One of my top book recommendations in recent years has been Imperium, Robert Harris’ thriller-like novel on the early career of Marcus Tullius Cicero. Now the second part of the trilogy, Lustrum, has appeared, and like most second parts of trilogies, is darker and more depressing than the first one.
It’s 63 BC and Cicero is on the eve of his consulship, when a particularly gruesome murder is brought to his attention that turns out to foreshadow even worse things to come. His term as a consul is troubled by the Catiline conspiracy, which he manages to uncover and put down at the last moment, but at a terrible personal and political cost. The execution of the conspirators will haunt him for years to come, while at the same time the vulture-like Caesar, together with powerful Pompey and rich Crassus, is preparing to disembowel the republic…

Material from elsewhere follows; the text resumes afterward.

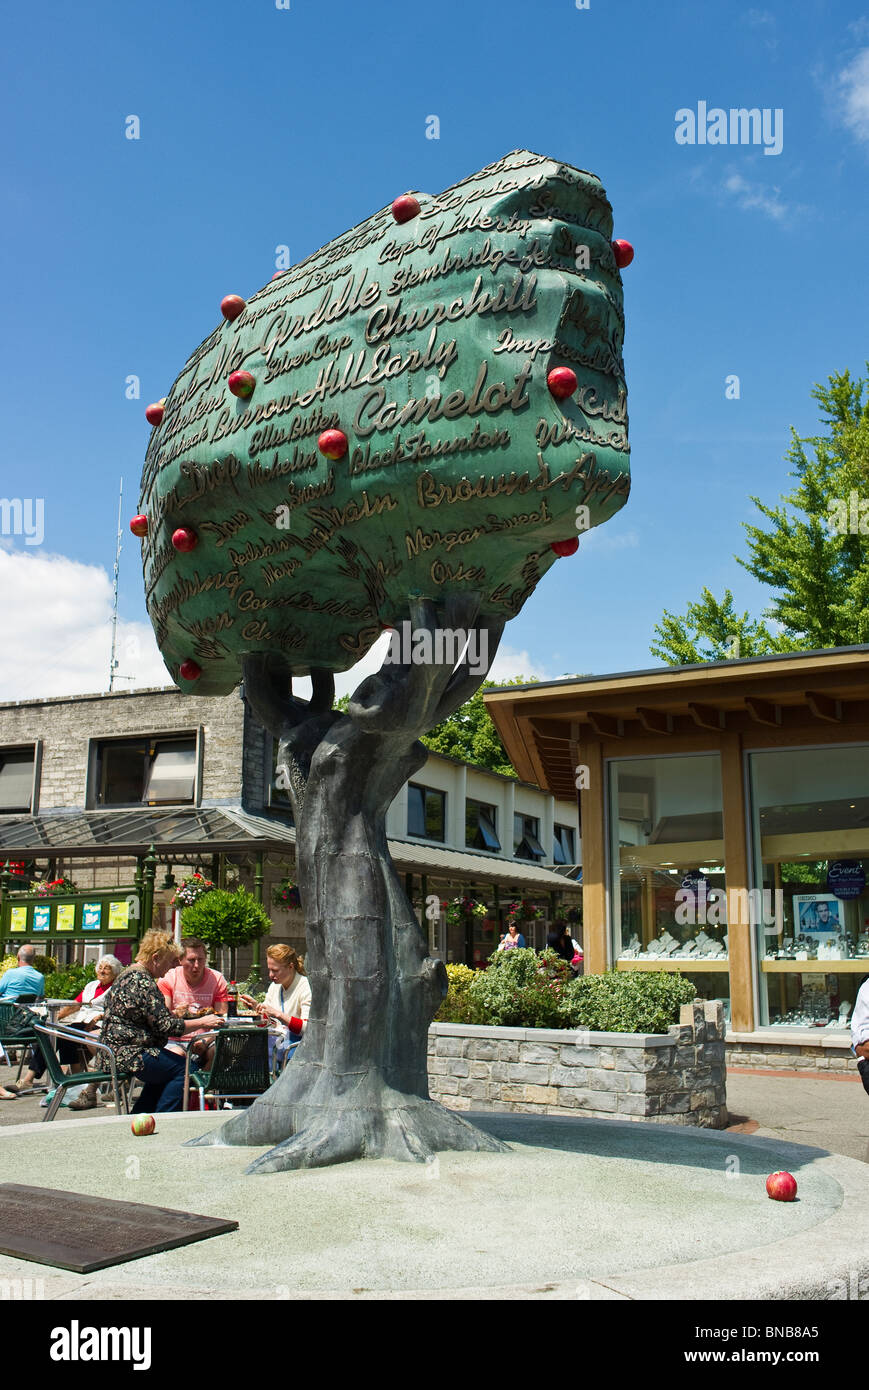 Modern tree sculpture celebrating many old names of Somerset cider apples Stock Photo

As expected, Harris turns the well-known story into a ripping yarn, and the historical protagonists such as grim and grimy Cato, lascivious Clodia and the truly blood-curdling Caesar are very memorable. I also really liked how Harris constructs a plausible motivation for Cicero’s descent into corruption and self-aggrandizement. However, this book wasn’t quite as much a page-turner as the first one, but I don’t think the blame can really be laid at Harris’ feet: at this point in history, I found it very hard to care for the fate of the Roman republic, which comes across as a thoroughly corrupt system designed merely to make a ruling elite rich and stripped of all that had initially been sensible about it. I mean, I am all in favour of republics and so on, but this one just seemed to have run its course.
As everyone knows, much worse is yet to come and Cicero is going to meet a sticky end. Which is why I am very much looking forward to book three!